Lametti is tasked with implementing all the recommendations made last June by former Liberal Justice minister Anne McLellan, in the wake of the SNC-Lavalin imbroglio. With a mind to preserving prosecutorial independence, McLellan reviewed the role and structure of the dual-hatted post of minister of Justice and Attorney General of Canada and recommended, among other things, that the attorney general develop a detailed protocol and clear rules — applicable to ministers, their staff, the Clerk of the Privy Council and the public service — about how “public interest consultations” in specific prosecutions could be conducted.

Lametti is expected to continue work on renewing the government’s relationship with Indigenous peoples, including contributing to building the National Action Plan on Missing and Murdered Indigenous Women and Girls, and “continuing progress” on implementing the Calls to Action by the Truth and Reconciliation Commission.

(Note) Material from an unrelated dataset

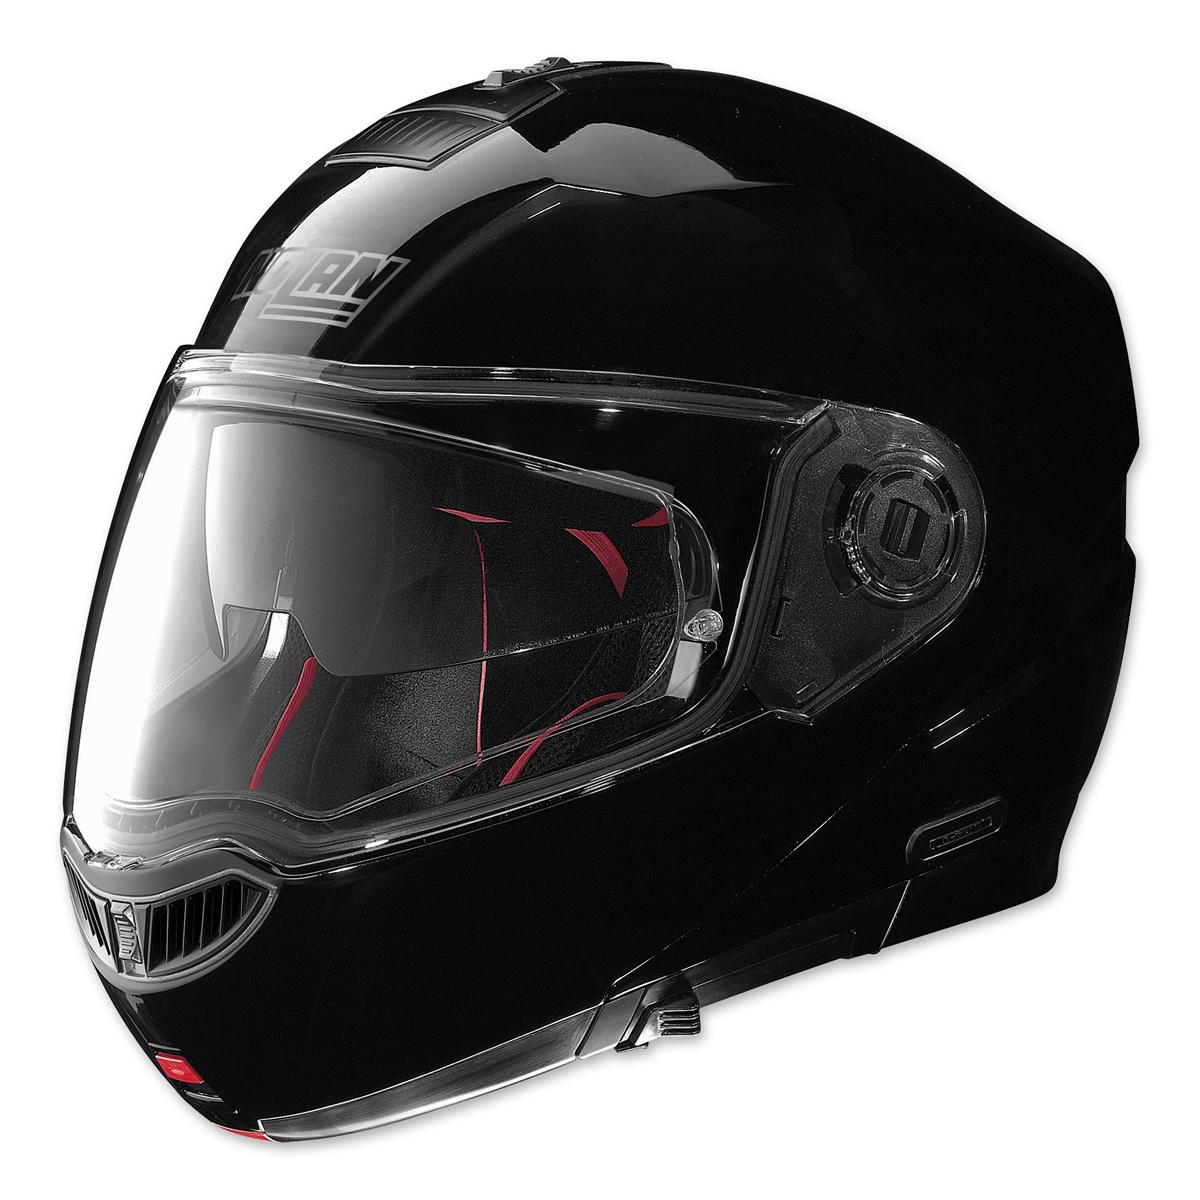 nolan n104 absolute gloss black full face helmet 914 035 j p cycles. Black Bedroom Furniture Sets. Home Design Ideas

He is also required to collaborate with the ministers of Innovation, Science and Industry and Canadian Heritage to move forward with Canada’s Digital Charter, overseen and enforced by a Privacy Commissioner who will be given “enhanced powers.”

As described by the Liberals’ 2019 election platform, the Digital Charter “establishes a new set of online rights, to help people feel more confident about and in control of their personal data, including the right to:

  • data portability, so that people can take their data from platform to platform;
  • withdraw, remove, and erase basic personal data from a platform;
  • know how personal data is being used, including knowing who has access to it, supported by a national advertising registry where companies would have to report with whom your data is being shared or sold, with the ability to withdraw consent for sharing or sale at any time;
  • review and challenge the amount of personal data that a company or government has collected;
  • data security, compelling those who use personal data to take proactive steps to adequately protect it;
  • be informed when personal data is breached, and to be compensated accordingly; and
  • be free from discrimination online, including bias and harassment.”